_Instructions to follow_
What you return must match the listing below exactly, minus any pictures.

_Information provided_
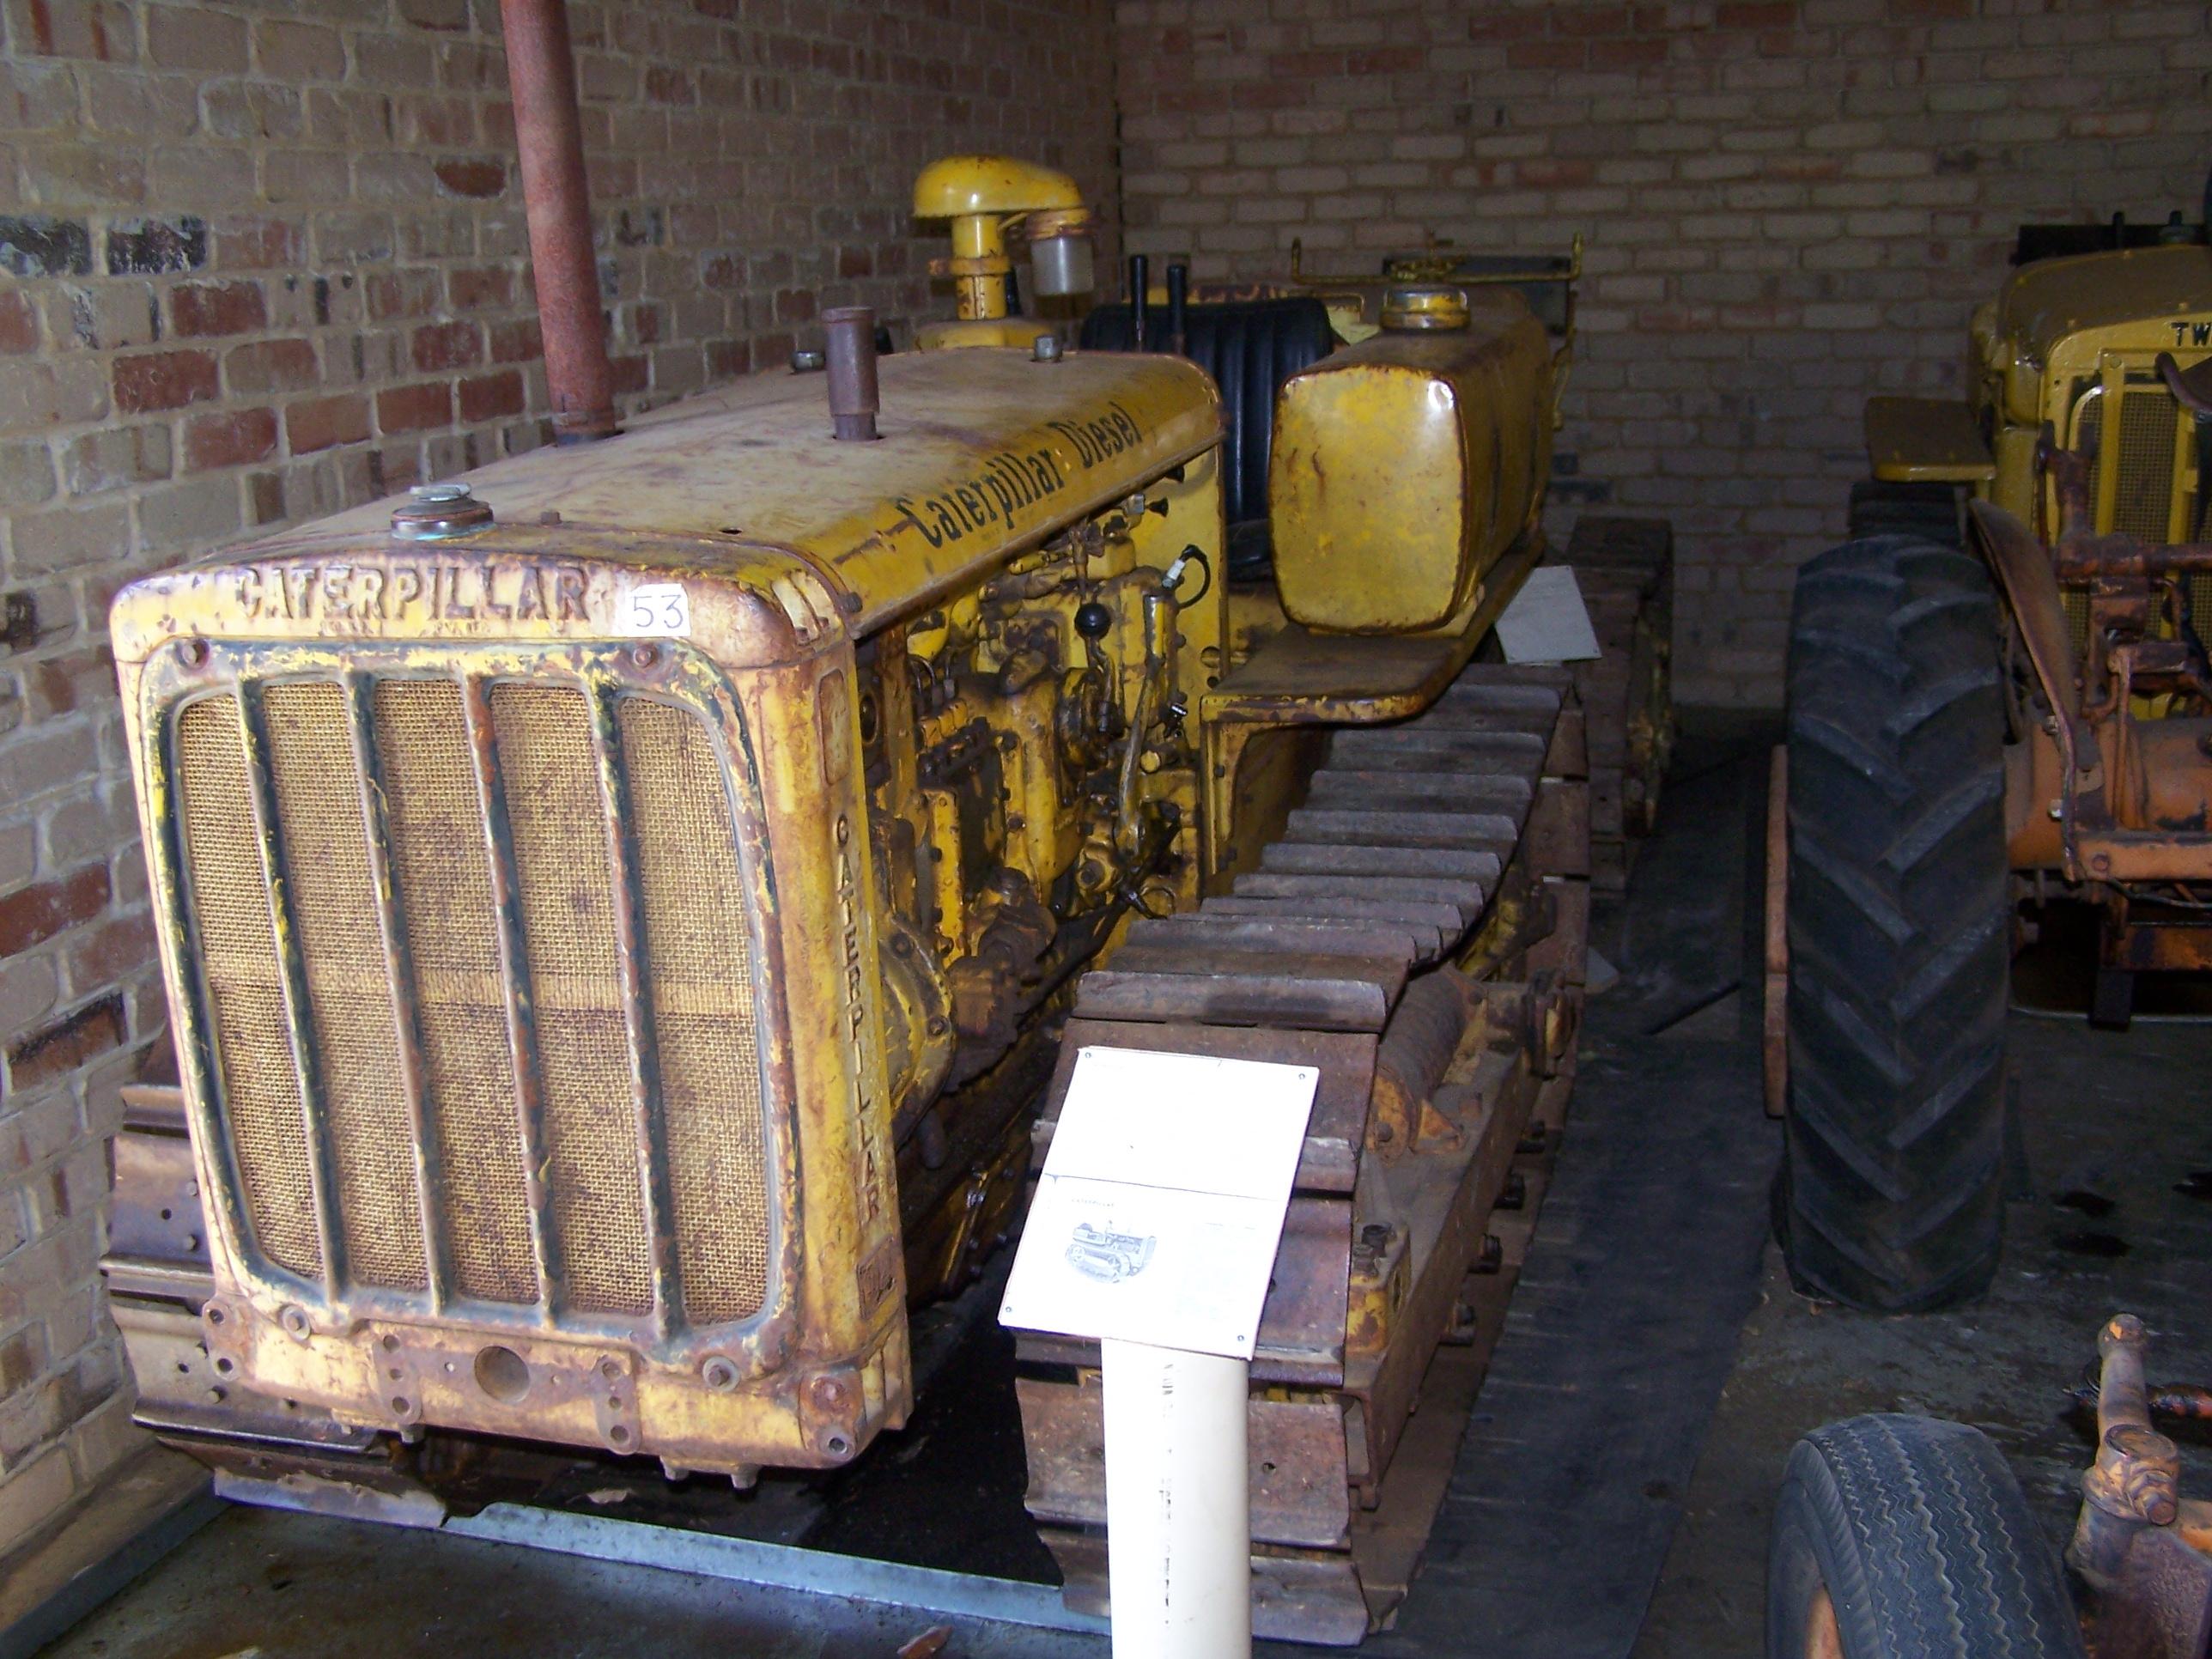 Caterpillar D2 on display in the Serpentine Vintage Tractor Museum, Serpentine, Western Australia
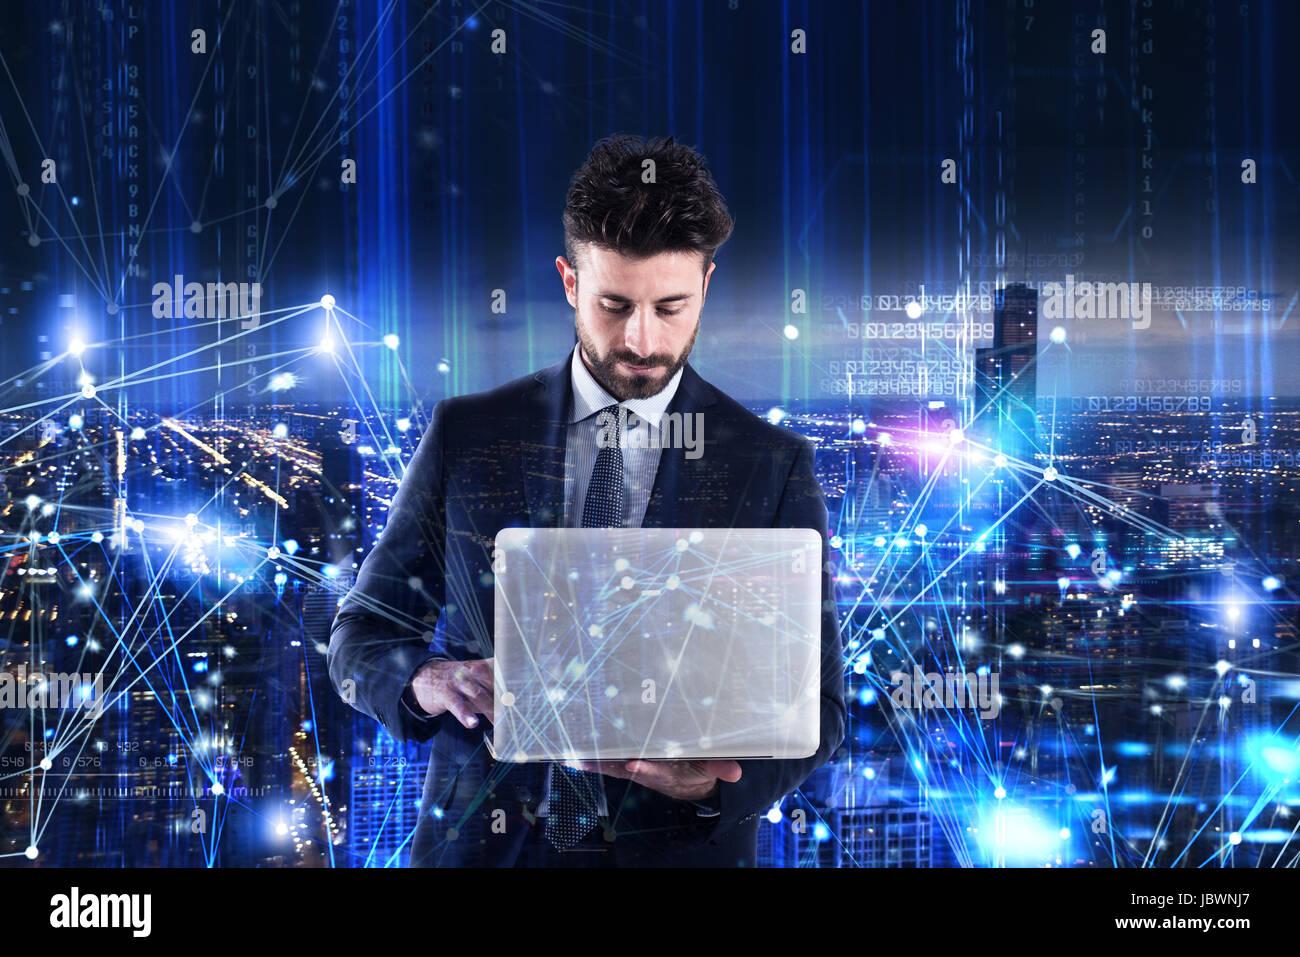 Hombre trabajando con un portátil. Concepto de análisis de software Imagen De Stock
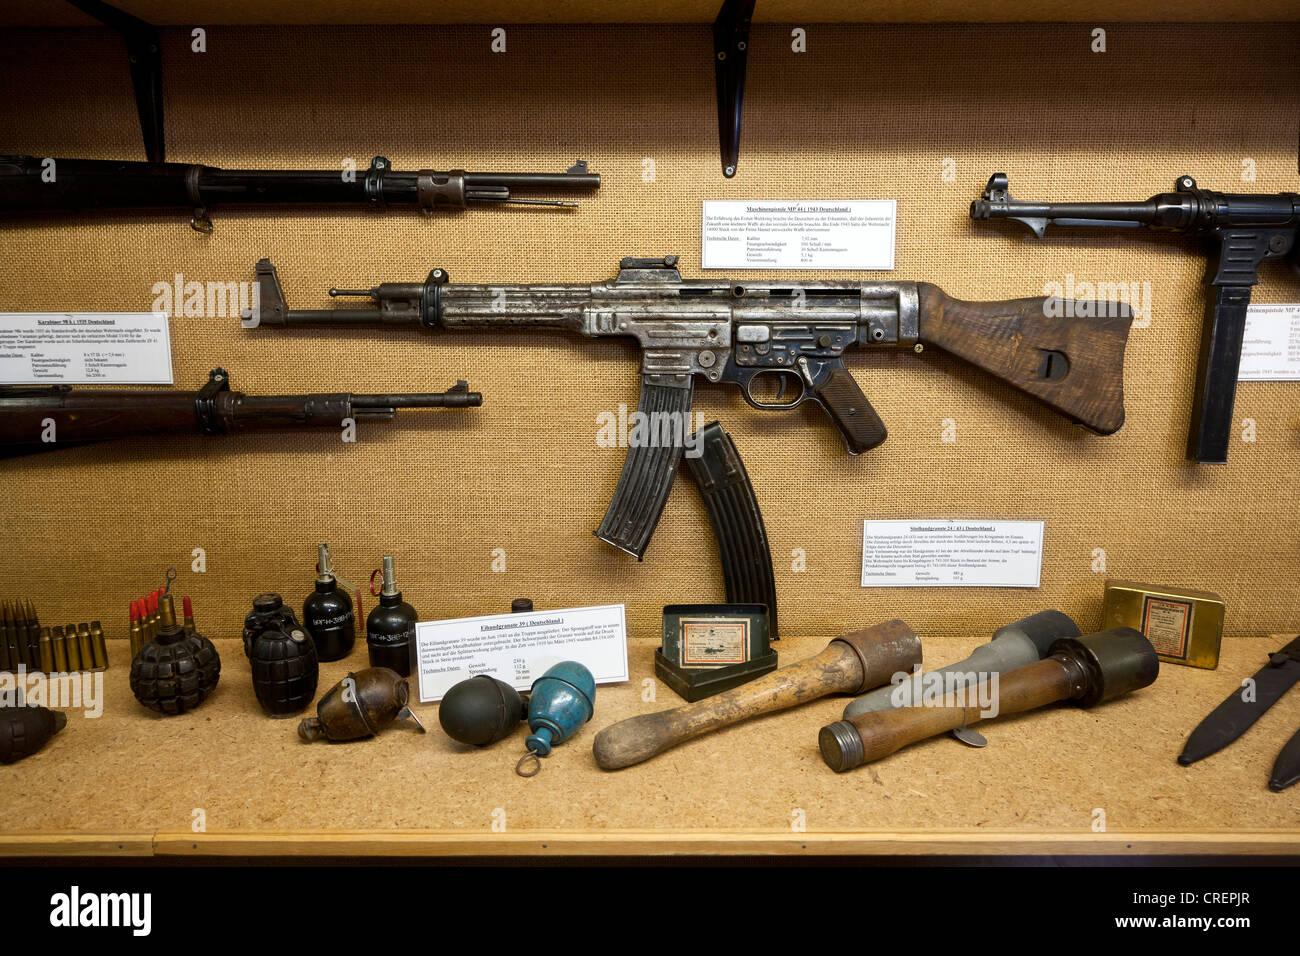 Firearms and hand grenades, Stammheim military museum, Stammheim, Landkreis Schweinfurt county, Lower Franconia, - Stock Image

_Response to the exercise_
 Caterpillar D2 on display in the Serpentine Vintage Tractor Museum, Serpentine, Western Australia
 Hombre trabajando con un portátil. Concepto de análisis de software Imagen De Stock
 Firearms and hand grenades, Stammheim military museum, Stammheim, Landkreis Schweinfurt county, Lower Franconia, - Stock Image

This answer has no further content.